The 2020 Provincial Governance and Public Administration Performance Index has seen some improvements and changes amid the ongoing pandemic. Dang Hoang Giang, deputy director of the Centre for Community Support and Development Studies – a collaborator in the research – discussed with VIR’s Bich Thuy the highlights and expectations in the upcoming index, driven by the new leadership.
In its 12-year history, the Provincial Governance and Public Administration Performance Index (PAPI) programme has witnessed plenty of evolution. What is the current status of the 2020 Index?
|Dang Hoang Giang, deputy director of the Centre for Community Support and Development Studies – a collaborator in the research |
In the past, cities and provinces in the south often led the PAPI index. However, the trend seemed to cease as the 2020 PAPI saw many those in northern and central regions named at the top of the list.
As seen in PAPI 2020, there are some sad changes. Hanoi is in the group of cities and provinces with low ranking despite strong effort from local authorities. Elsewhere, Danang dropped to the bottom-line group, even though it topped the list in the earlier years of the index.
One highlight is that some central provinces like Quang Ngai, Quang Binh, Quang Tri, and Nghe An are maintaining their high rankings over many years.
In PAPI 2020, Quang Ninh made impressive results in varied dimensions from the economy and public administration to vertical accountability towards citizens and others.
During 2020, COVID-19 caused serious impacts in all socioeconomic aspects. Did the pandemic affect the accuracy and assessment of the research?
Provincial governance and public administration was not affected by the pandemic as much as economic sectors were. PAPI focused on transparency and corruption, administrative procedures, and public services, which were not hit. Some dimensions like healthcare and education were little affected. Fortunately, COVID-19 has been controlled successfully here.
We interviewed 14,000-15,000 citizens nationwide, which experts say is a large enough figure to ensure the quality of the PAPI database. So for years, the quality and the results have remained stable.
The PAPI index has created great changes in the performance of state organs. How does the ranking of localities into groups rather than single ratings help in this regard?

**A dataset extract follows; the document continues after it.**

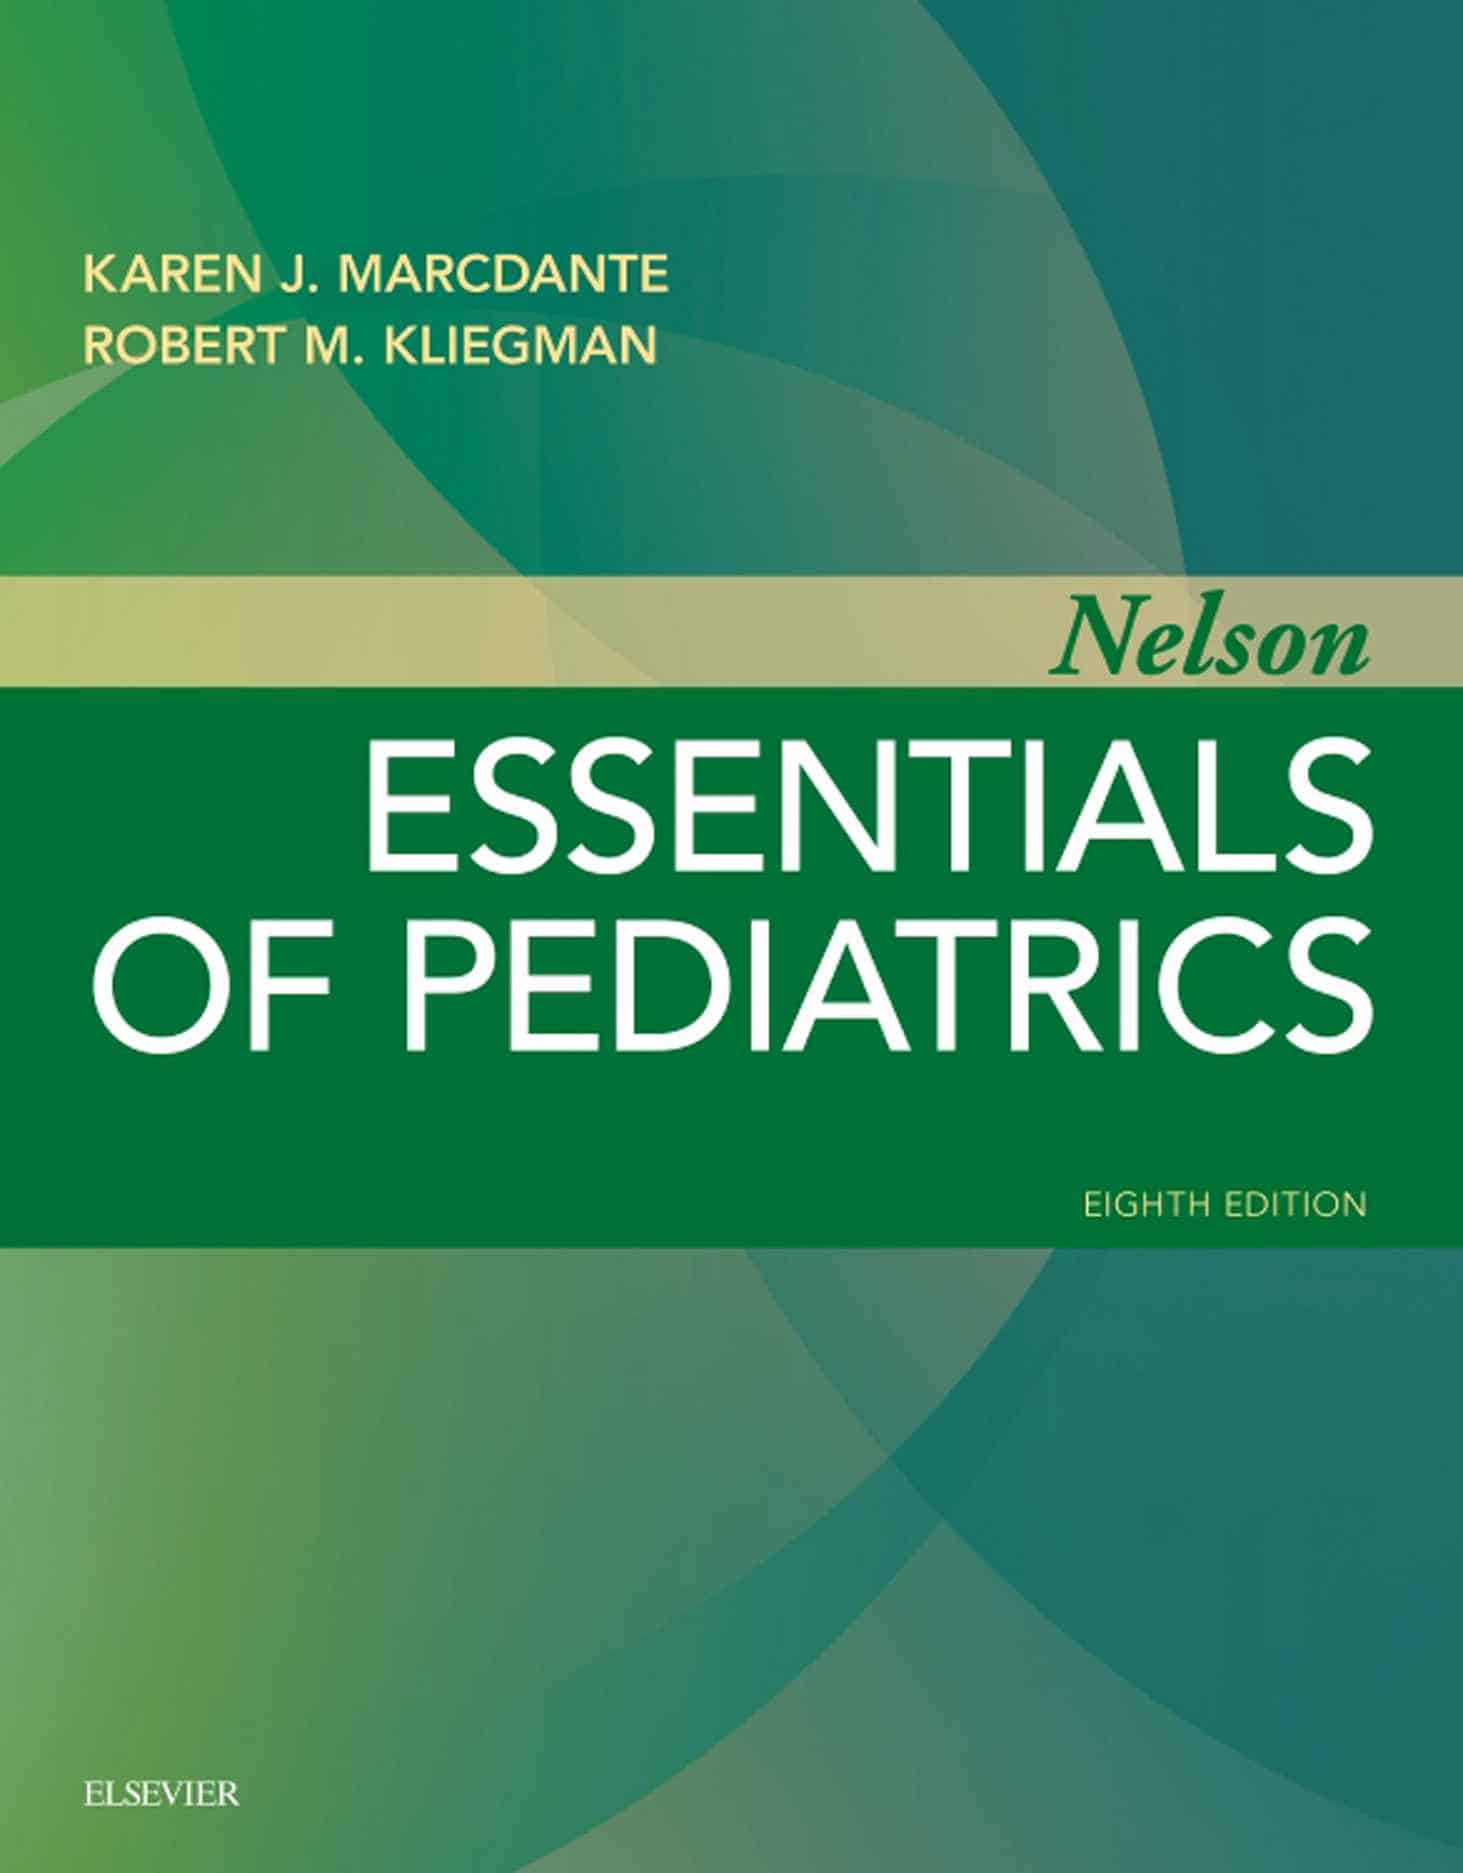 Nelson Essentials of Pediatrics, 8th Edition 2018

We do not want to create an achievement run with this kind of ranking. With the division into groups, we want to prompt cities and provinces to race against themselves by looking thoroughly into dimensions to improve them year-by-year. Other contests may have specific rankings, but many of them focus on a narrow set of factors, while PAPI has over 120 indicators to take into account.

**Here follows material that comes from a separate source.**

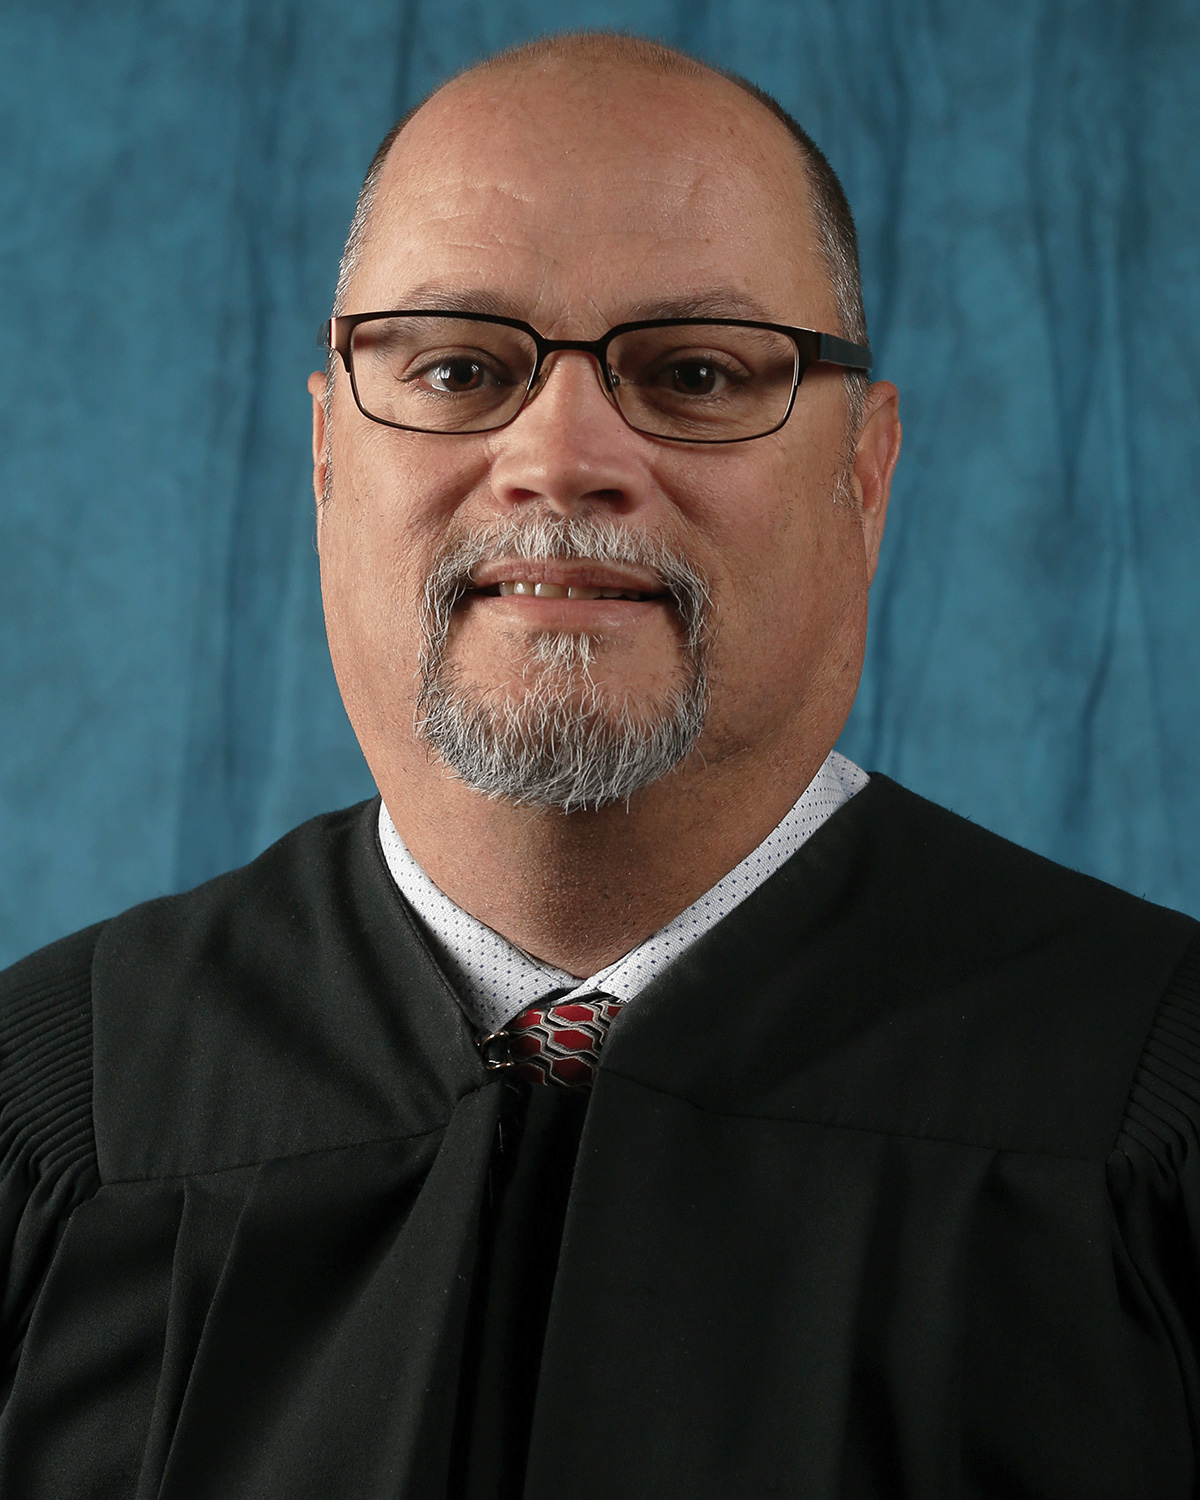 Judge Greg Perry

Vietnam’s new leadership has been inaugurated. What are your expectations for the upcoming PAPI index, and what are the grounds for this?
The government, led by the former prime minister, said that there has been a modest improvement of 1-2 per cent annually in the PAPI index. With the new leadership, we hope that the uptrend will continue and reach at least 3-4 per cent.
It is too early to say which provinces and cities will perform better in the upcoming PAPI index, but we do hope the growth momentum remains in the gun barrel.